I’m back! After an unintentional two week hiatus I am hopefully back on blogging track. Rehearsals have been manic and there was simply no free time to post any recipes much to my disappointment – I was beginning to get blogging withdrawal symptoms. It’s been quite difficult to cook in the evenings also so I’ve been relying too much on shop bought food, which has not agreed with me but thankfully we are now at the start of our tour and I finally get some routine back.
Over the past two weeks I’ve consumed a ton of hummus, heaps of raw veg, way too many Nakd bars and I almost overdosed on Marmite rice cakes. The only hot dishes I managed to cook was a tofu stir fry, a thai red curry and pasta with pesto (the brand I use is Dress Italian sun ripened tomato pesto, which has no parmesan and is suitable for vegans). I mustn’t forget my ultimate standby ready meal ingredient that has been a life saver over this past fortnight……..the totally delectable Linda McCartney sausages, which I used in several meals including a delicious sausage, mushroom and spring onion sandwich, a sausage and beans meal and today a vegan breakfast consisting of tofu scramble, vegan sausage and toast.
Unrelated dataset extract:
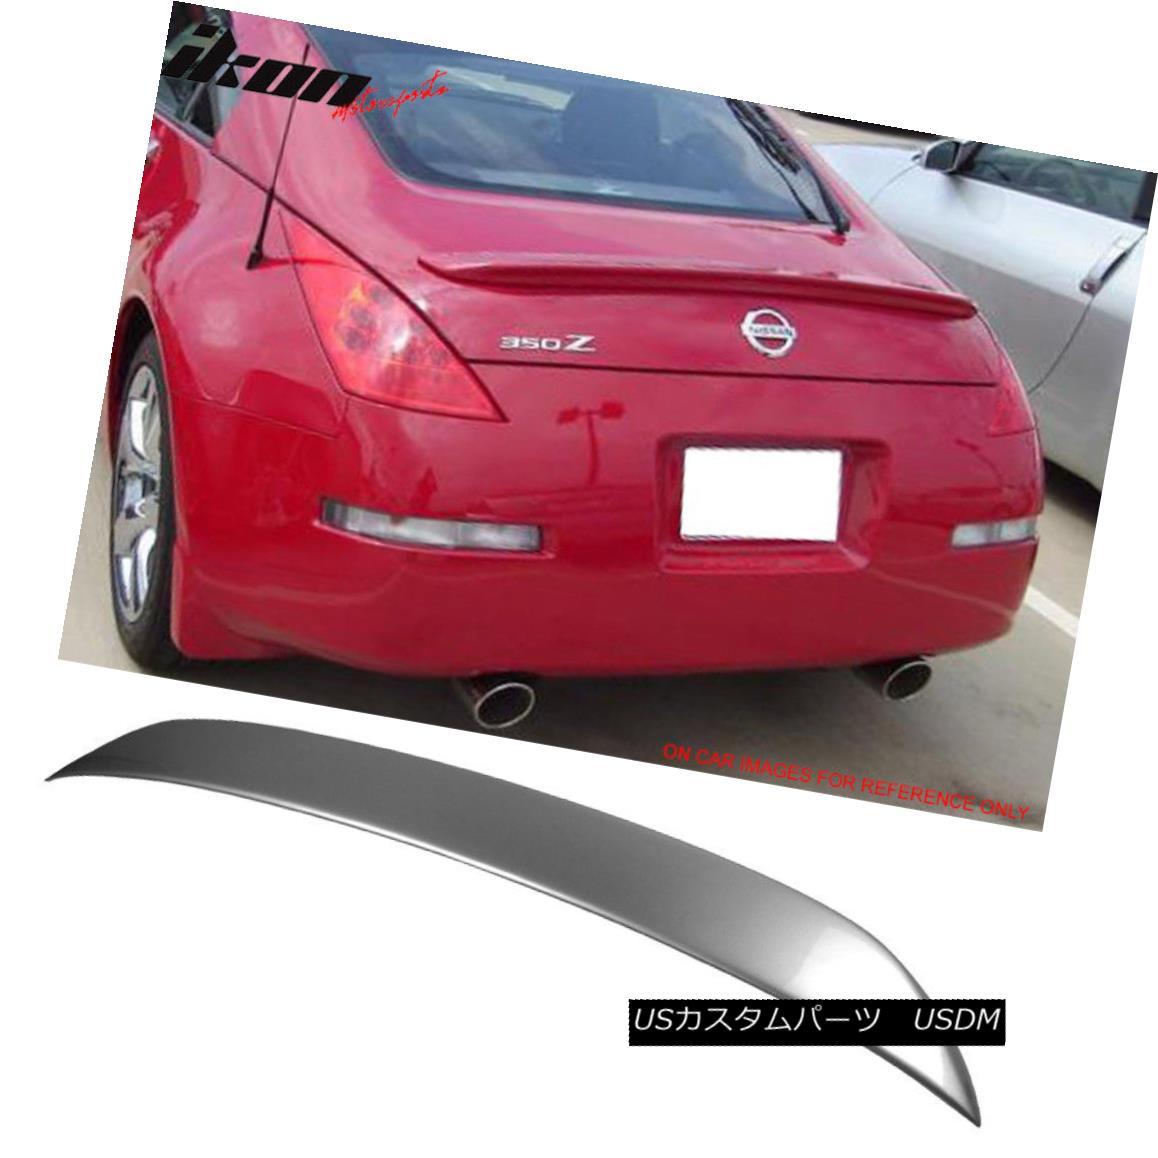 エアロパーツ Fits 03-08 Nissan 350Z OE Trunk Spoiler Painted #KY0 Chrome Silver Metallic フィット03-08日産350Z OEトランクスポイラー塗装#KY0クロームシルバーメタリック

Here then is the recipe for that super simple tofu scramble. Normally, i.e. in my own kitchen, I would use tumeric to give it lovely golden colour and maybe some mushrooms but I had to work with what I had and it turned out pretty well. The photo is of the leftovers – a falafel, pasta, tofu scramble combo, which may sound pretty random but was actually rather satisfying. Oh, good news my vegan friends! I discovered that Cauldron have removed the honey from their falafel so we can now eat them to our hearts content – woop woop!!
I digress, back to the matter at hand…..that lovely tofu scramble. It’s good to be back – I missed y’all x
300g extra firm tofu (I used the Cauldron brand)
1/2 red onion
1/2 red pepper
1/2 green pepper
2 large garlic cloves
handful chopped flat leaf parsley
1 tbsp oregano
salt and pepper
Heat a little olive oil and/or some soy butter in a frying pan/skillet. Finely dice the onion and add to pan along with some sea salt. Allow to soften but not colour.
Chop the pepper into small pieces and add to pan. Sweat for a few minutes before adding the minced garlic. Season, add the oregano and cook for at least 10 minutes until the veg is soft ensuring to stir frequently.
Crumble in the tofu – not too finely as some larger chunks are good for texture. Generously season and cook for 7-10 minutes, again, stirring frequently.
Before serving add the chopped parsley, taste and season if necessary. Great on its own, with toast or as part of a vegan cooked breakfast. Enjoy!